Simply relying on Filter Expressions to save your day is not gonna cut it.
A good design is key 🗝️ to the success of your application!
Top comments (8)
So would you consider going to SQL if you had the time/resources to do so? I imagine the product is mature enough that you have a better idea of what the optimal table schema would job like. Use the right tool for the job of course, so depends on your satisfaction with DynamoDB in your current state, and if you think SQL is "better" for the application.
It seems like a rabbit hole for me to learn any NoSQL system on a project by myself, so I stick with SQL. I've always been a fan of a simple key-value store, but you'll run into scaling issues if the dataset is very large and highly relational.
Due to the amount of data they mention I think NoSQL is a better option, but, I'd go with something like MongoDB at first, since it's a bit more forgiving, and then jump into something like DynamoDB if needed, as you should have a very clear understanding of your usage patterns and data models before to use it effectively.
It's not about SQL or nosql.
It's about schemaless, what is definitely a flawed concept.
A KV store is usually amazing, but it is for different use-case.
There is no problem with nosql though.
Problem is mongo and similar bad technologies.
And the fact, that most of the people are building software first, and data structures after.

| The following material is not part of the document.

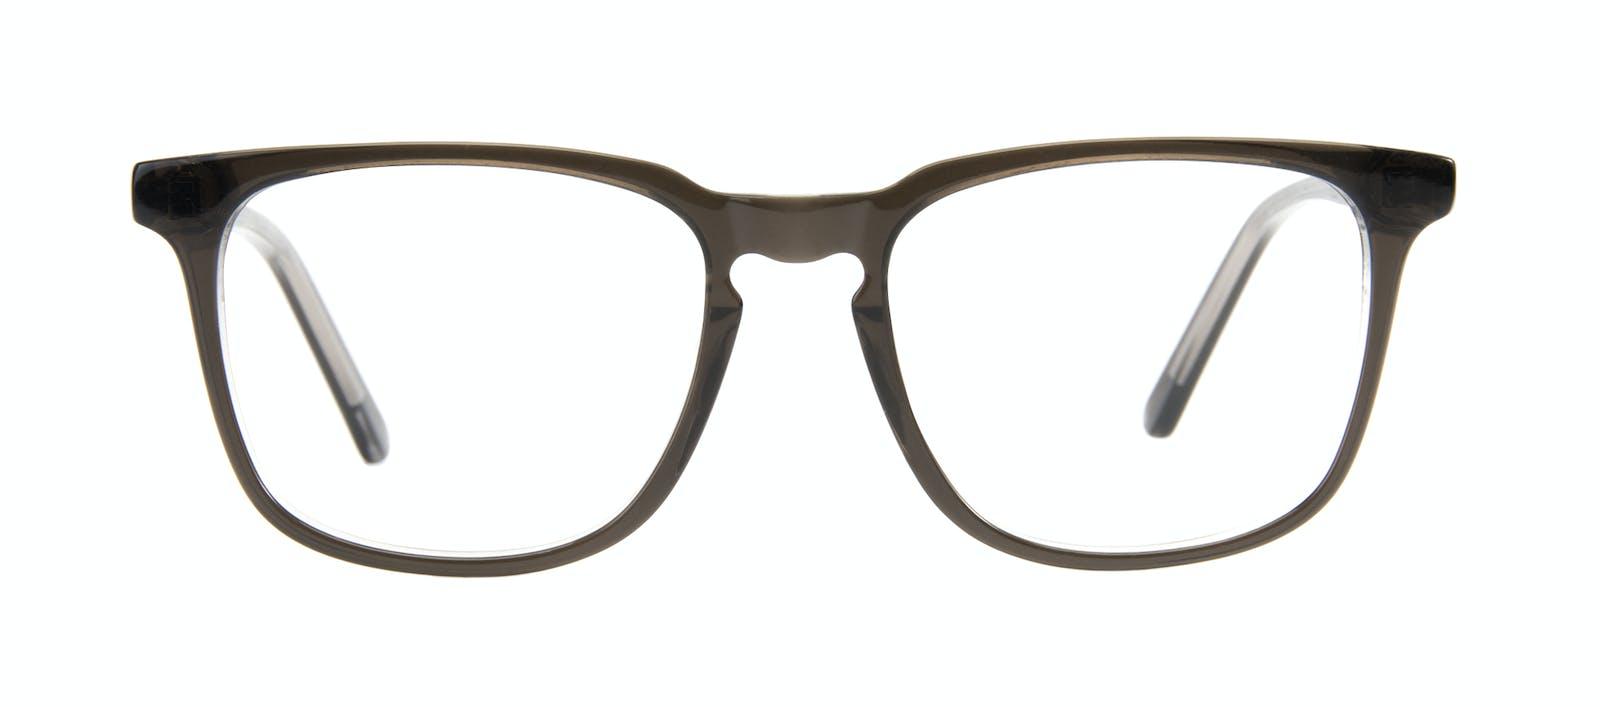 Men\'s Eyeglasses - Trace in Black Ice | BonLook
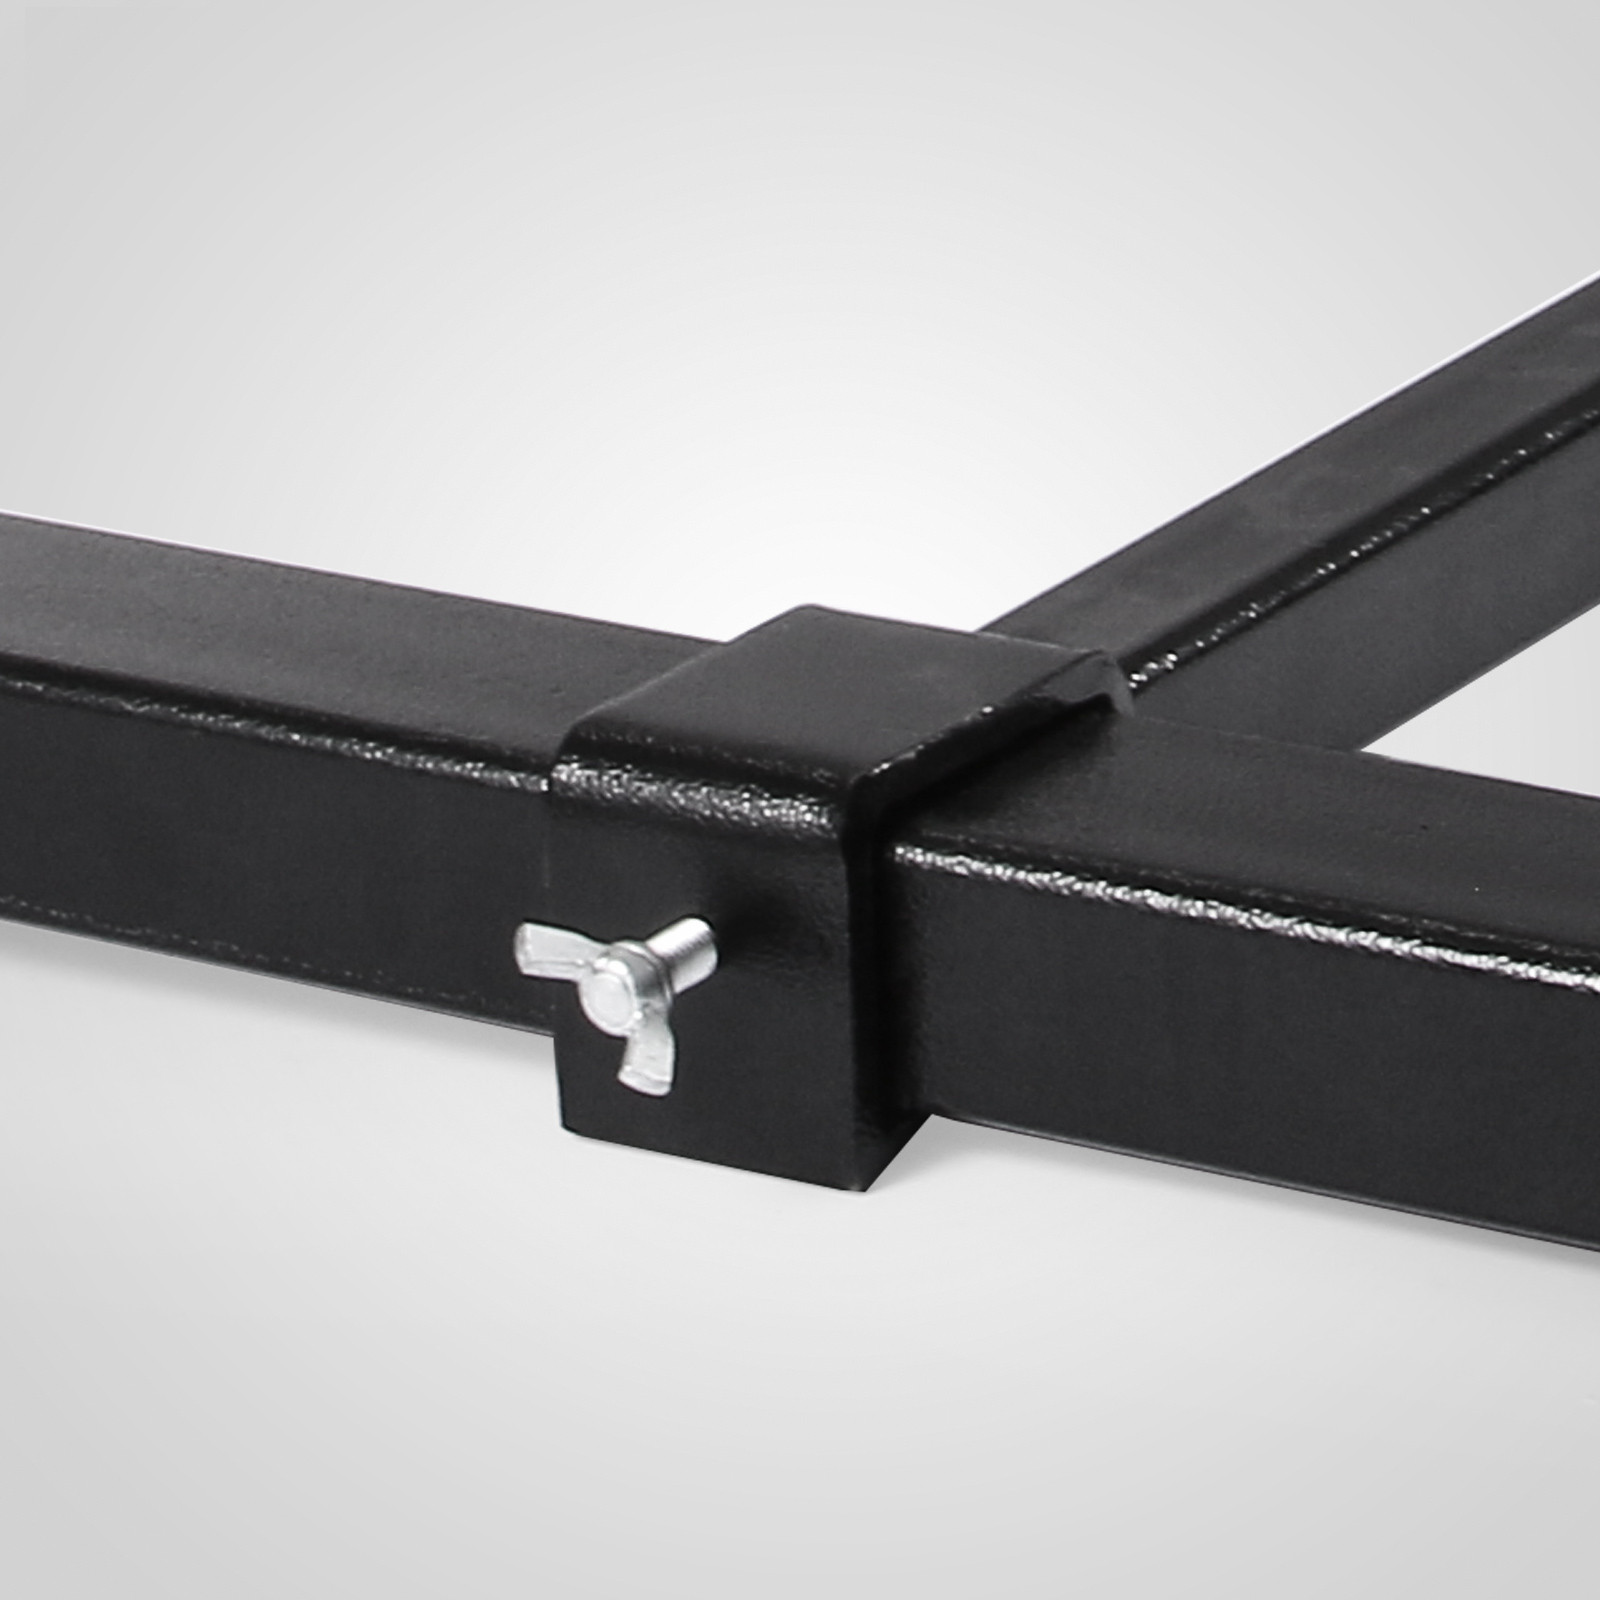 Tractor Bucket Fork Stabilizer Bar : Hd lbs clamp on pallet forks loader bucket

Instead of thinking about data first, and not having problems later in the software...
How much data are you you storing to even bother with anything besides a sql db?
Since epilot.cloud/ is a dead link, not very much. So all this, and DynamoDB and nosql, is much ado about nothing.
Stop reinventing sql features in app space or making data management far harder than it needs to be.
You hit the nail on the head, don't use a technology just to sound cool to the audience and cry internally later . I see this a lot most expecially in the nigeiran tech space. Fancy words aren't always the best. Stick to what works best for your project
bad idea to have PK as tenantid - you will eventually run into performance issues. You need partition key designed so it has much better, sudo-random distribution nature. You will end up with hot spots.
Also, NoSQL does not mean "not relational" - this is still relational database, you will need to properly model your data and you only use NoSQL where it's necessary since it's a trade off - performance for access. There is a lot you lose when putting data in NoSQL but you get something you almost can't get with RDBMS in some cases.
Awesome! Thanks sharing these learnings @idanielbot 👏👏👏
Cool. Next step: 60ms -> 6ms 😁